§ **Task details**:
Keep the pictures out. Write out every line of the listing exactly.

§ **Dataset extract**:

>>>>>

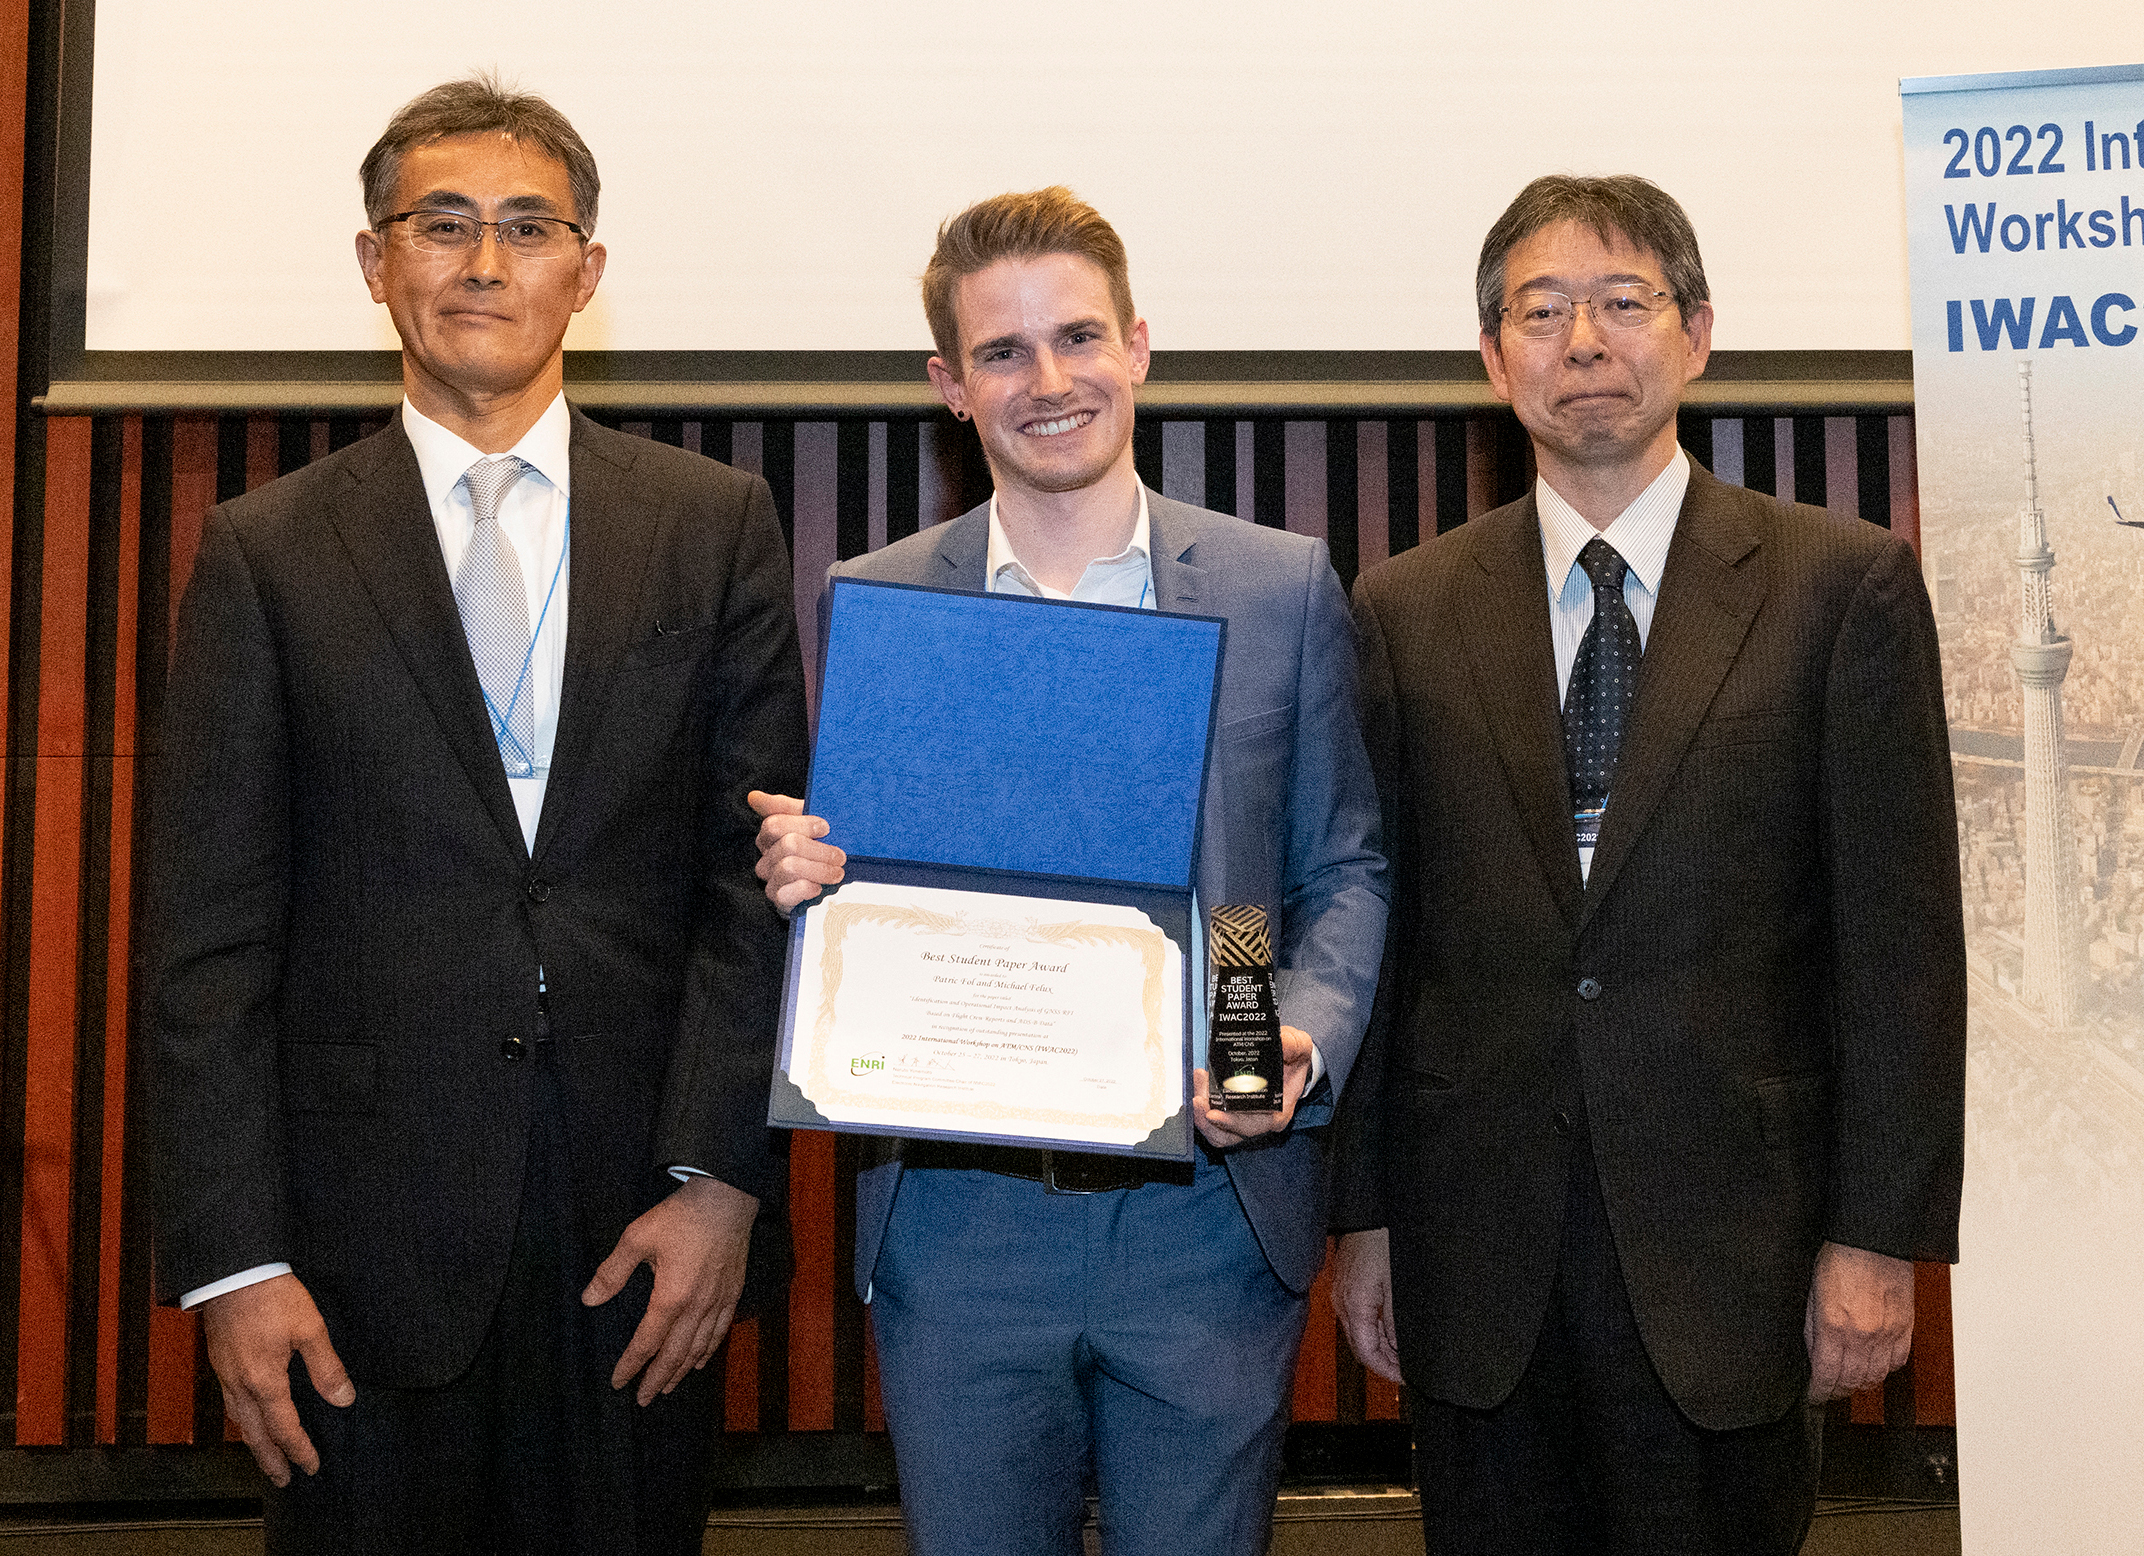 Photo taken at the award ceremony:Three smiling men in suits. Patric Fol is in the center, holding an award certificate.
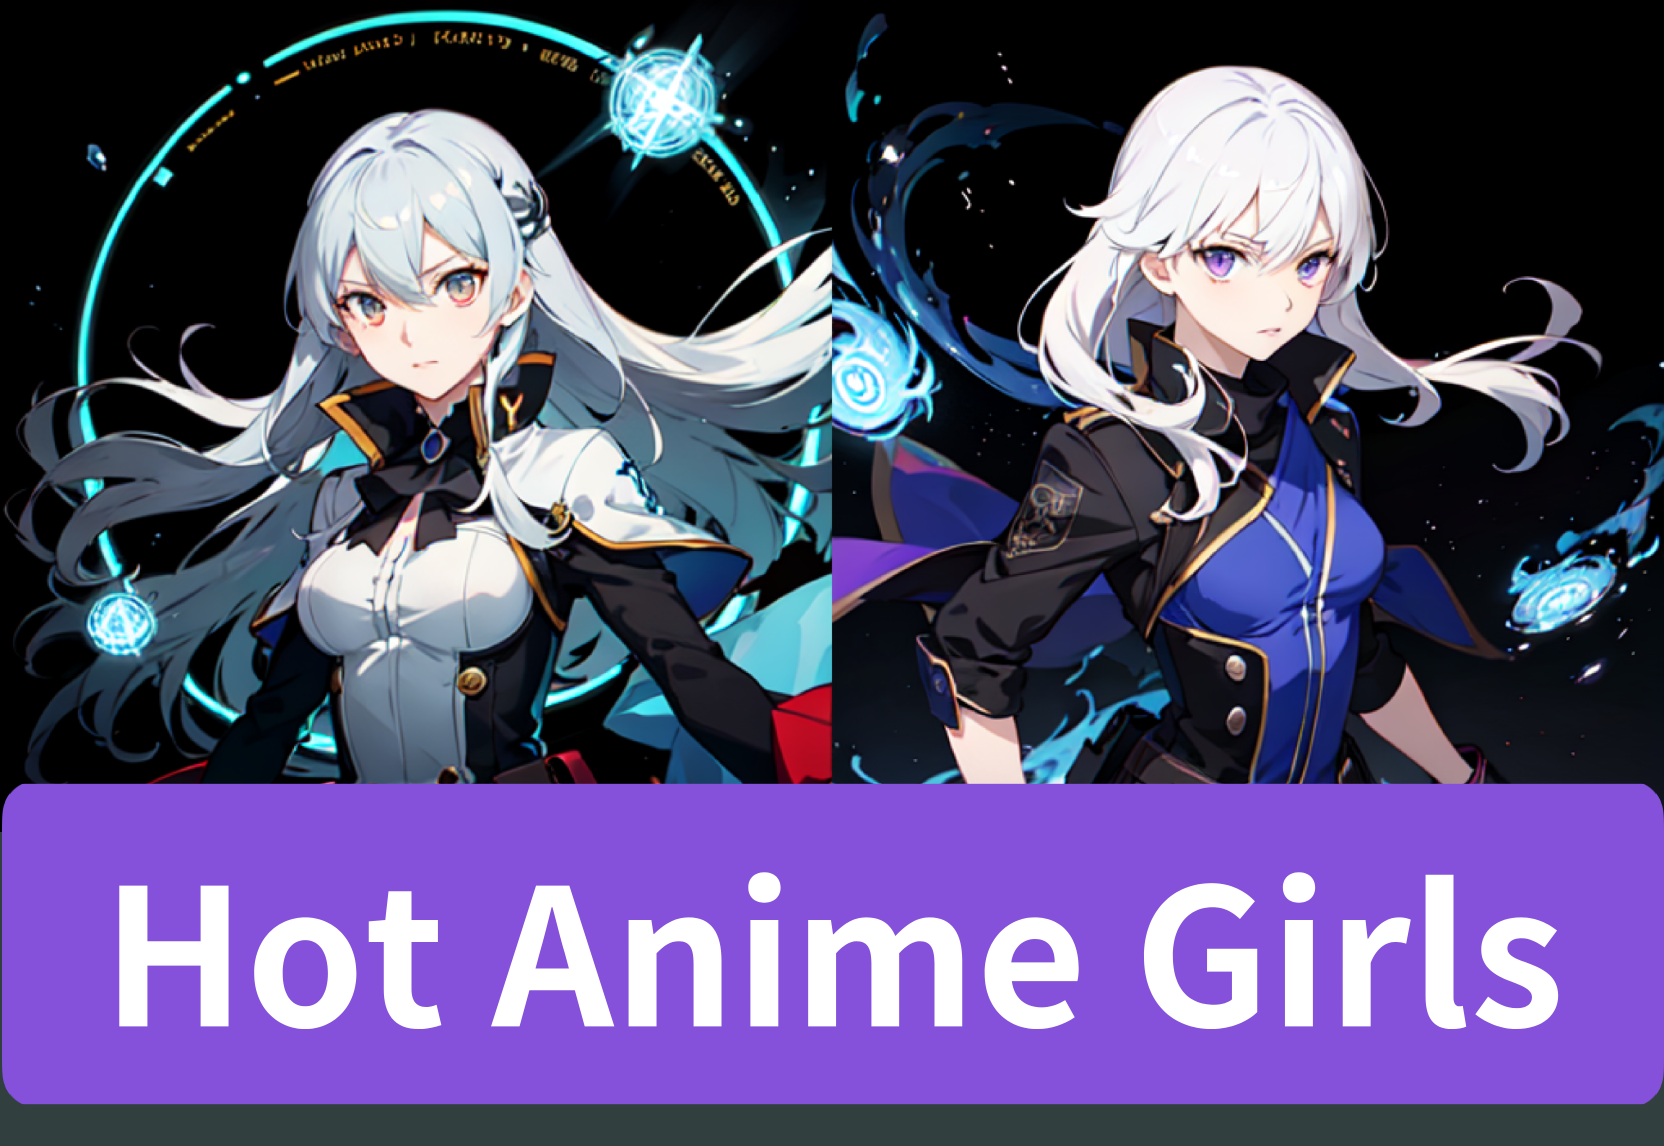 Hot Anime Girls: Develop AI Image Generator for Anime Girls’ Creations
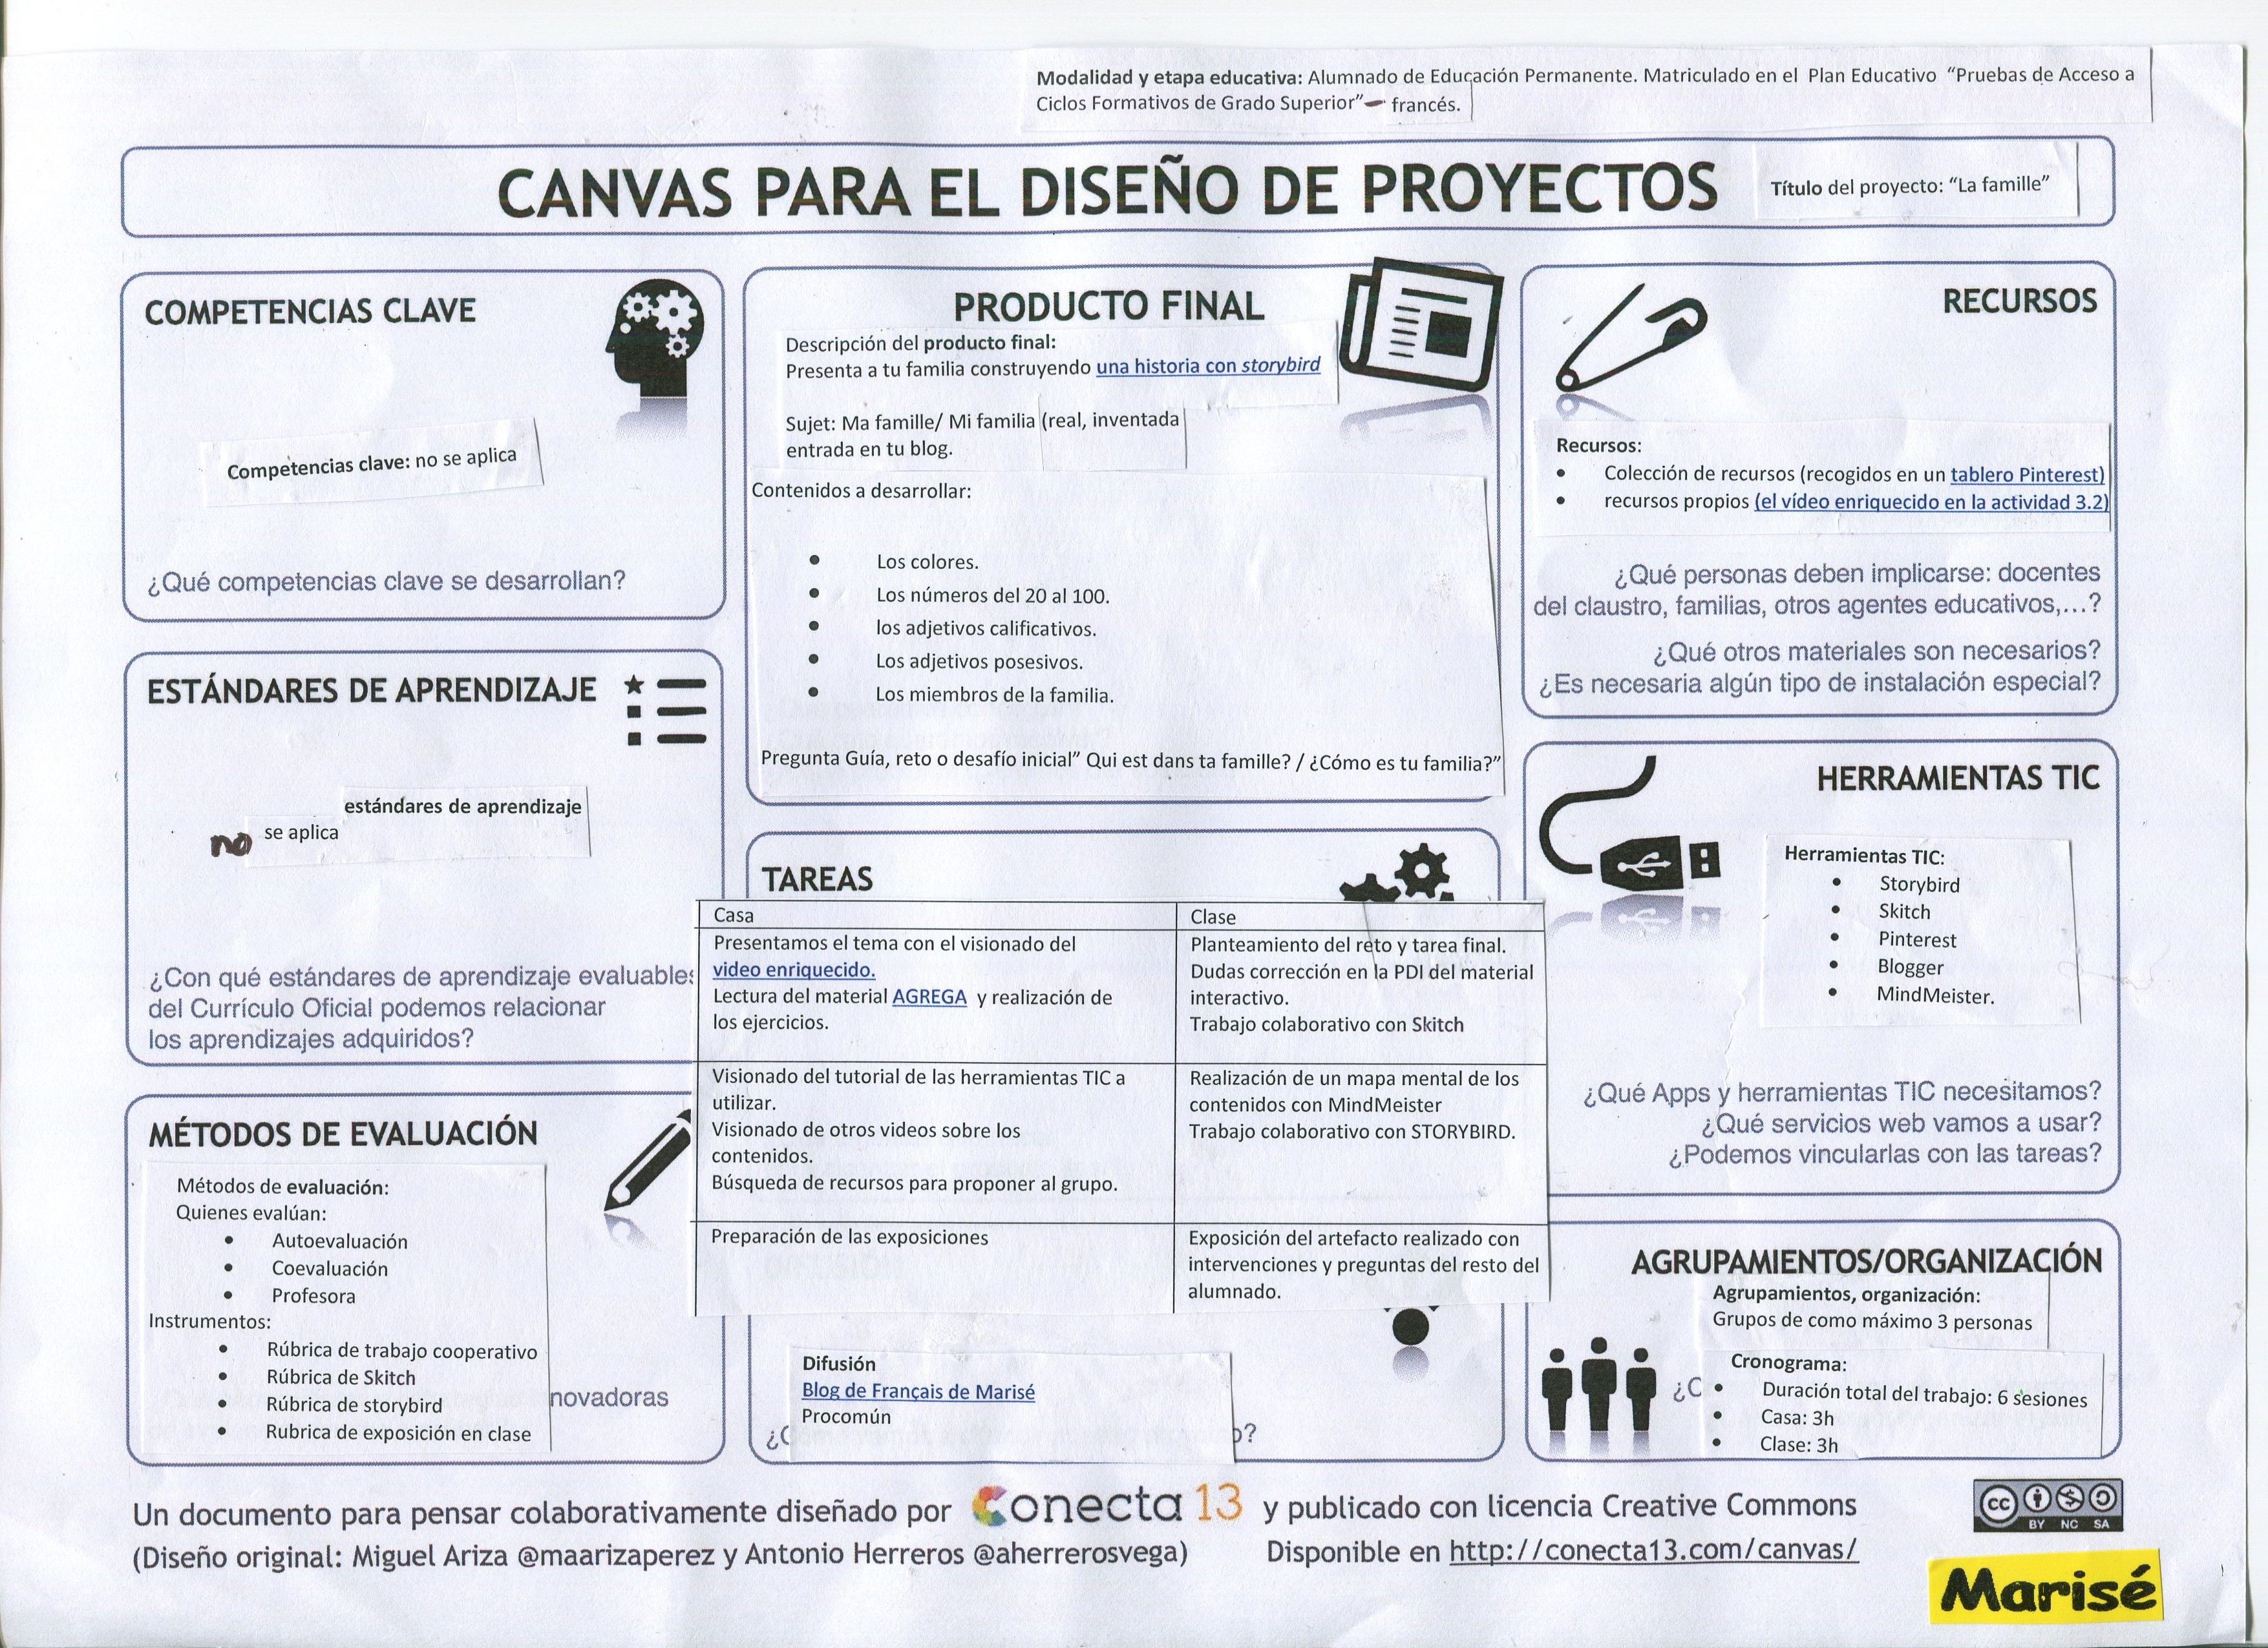  Proyecto ABP-Flipped Classroom: "Ma Famille"

<<<<<

§ **Answer space**:
 Photo taken at the award ceremony:Three smiling men in suits. Patric Fol is in the center, holding an award certificate.
 Hot Anime Girls: Develop AI Image Generator for Anime Girls’ Creations
  Proyecto ABP-Flipped Classroom: "Ma Famille"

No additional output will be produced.